**To do**
Beginning with the first line, return the material verbatim and without pictures.

**Data excerpt**
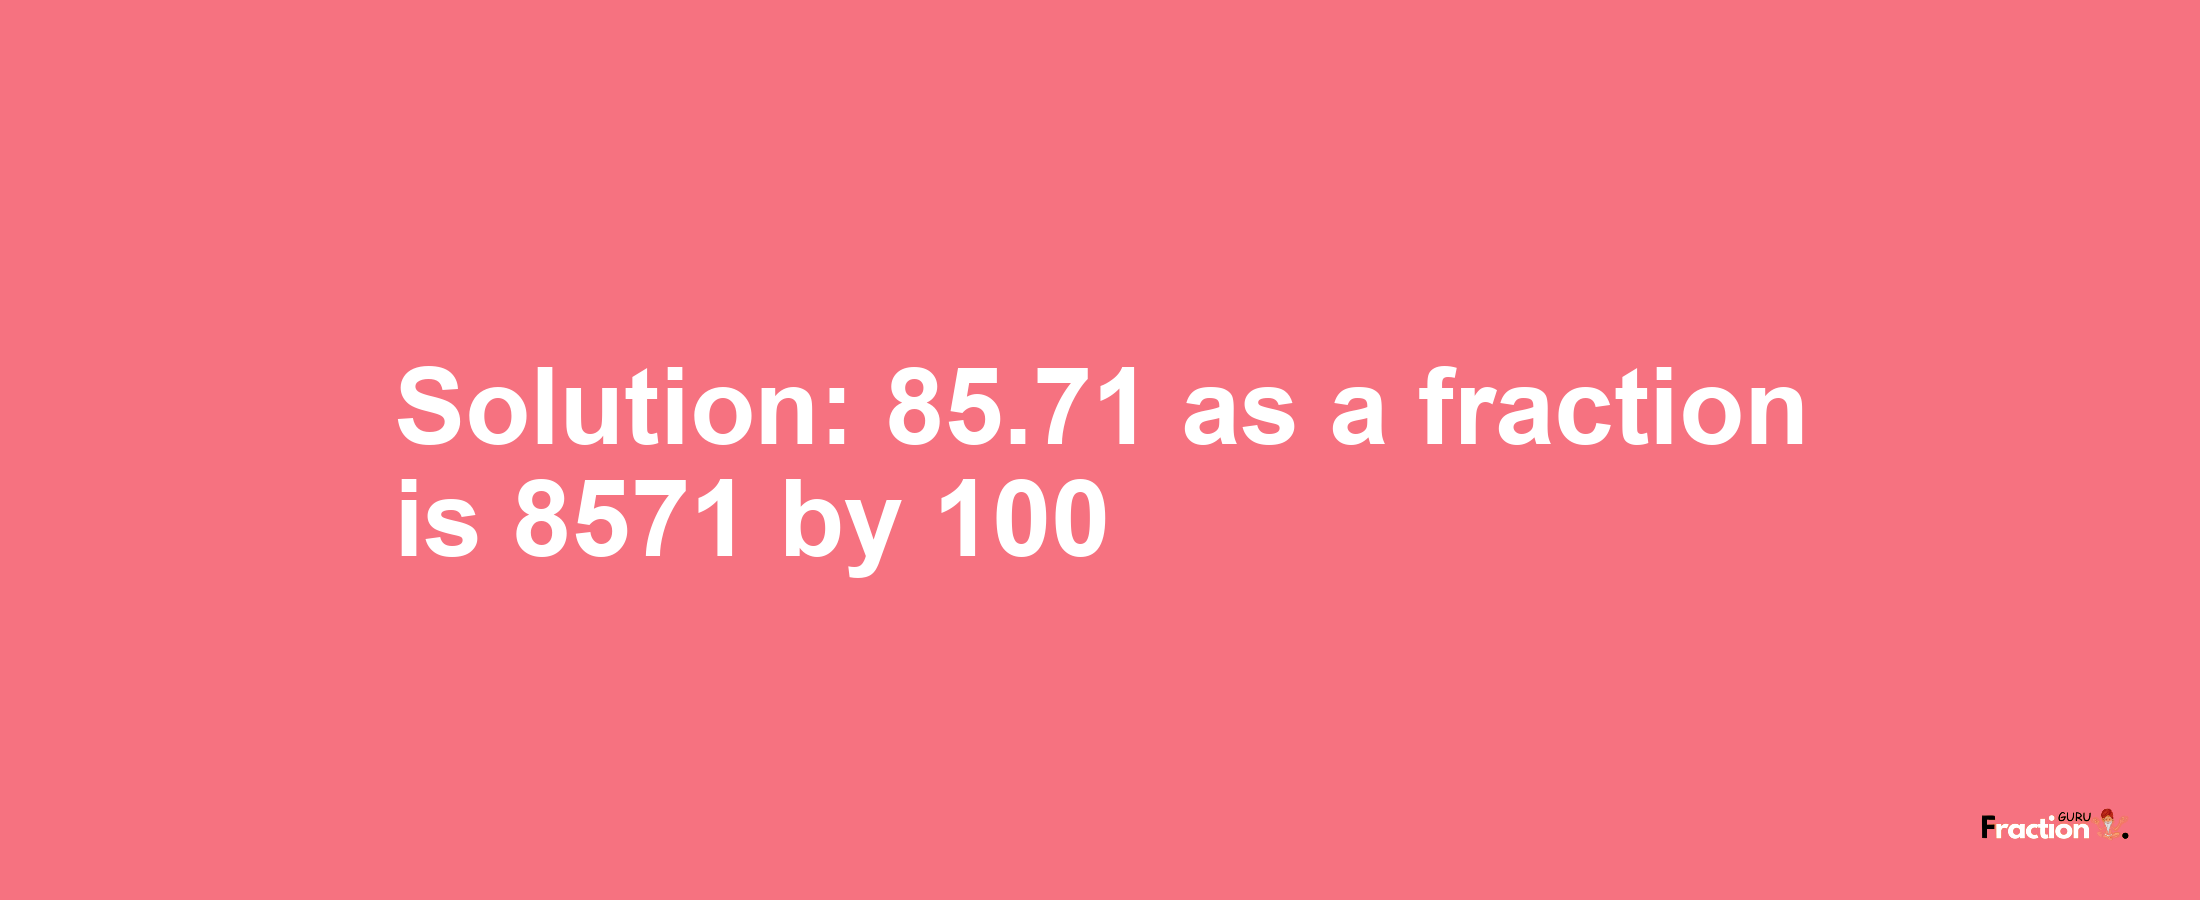 Solution:85.71 as a fraction is 8571/100
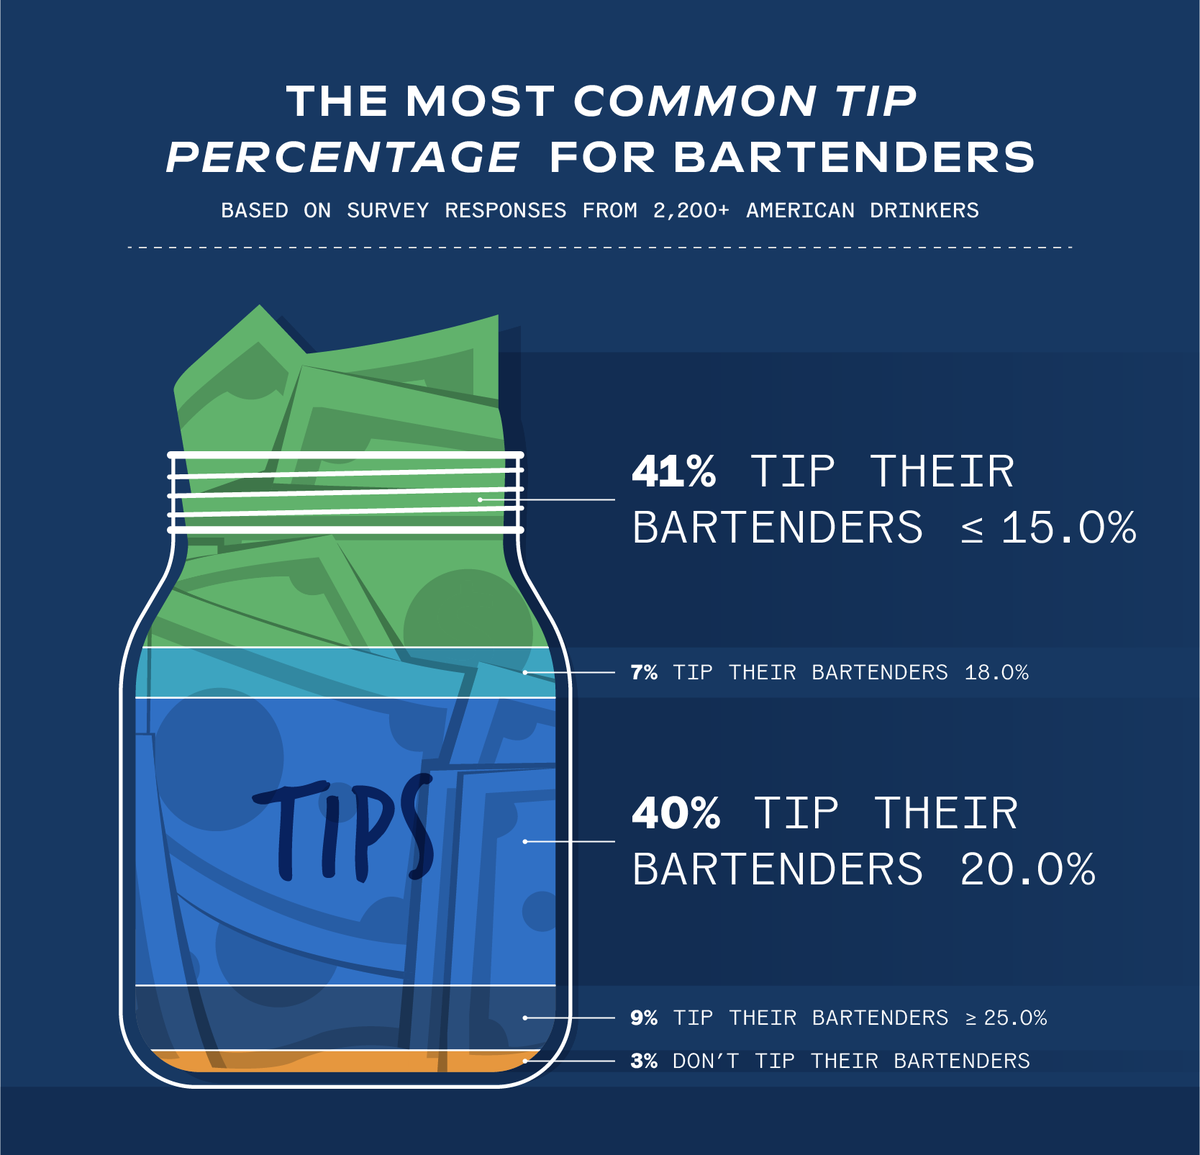 a tip jar pie chart showing the most common tip percentage for bartenders
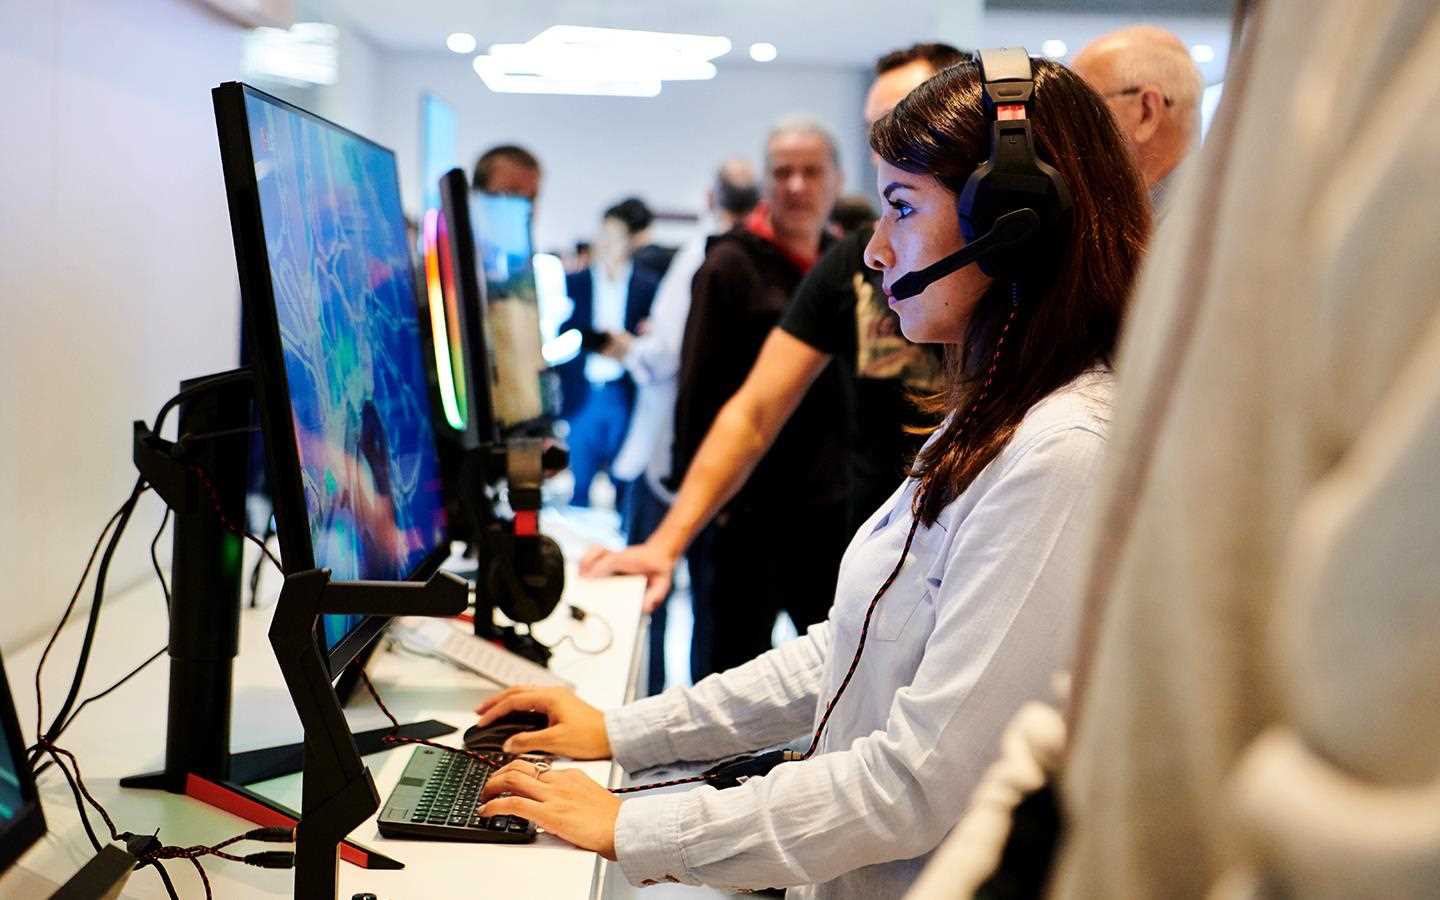 IFA 2018: A woman plays video games on an LG monitor, amongst the crowd at the exhibition

**Result of this exercise**
 Solution:85.71 as a fraction is 8571/100
 a tip jar pie chart showing the most common tip percentage for bartenders
 IFA 2018: A woman plays video games on an LG monitor, amongst the crowd at the exhibition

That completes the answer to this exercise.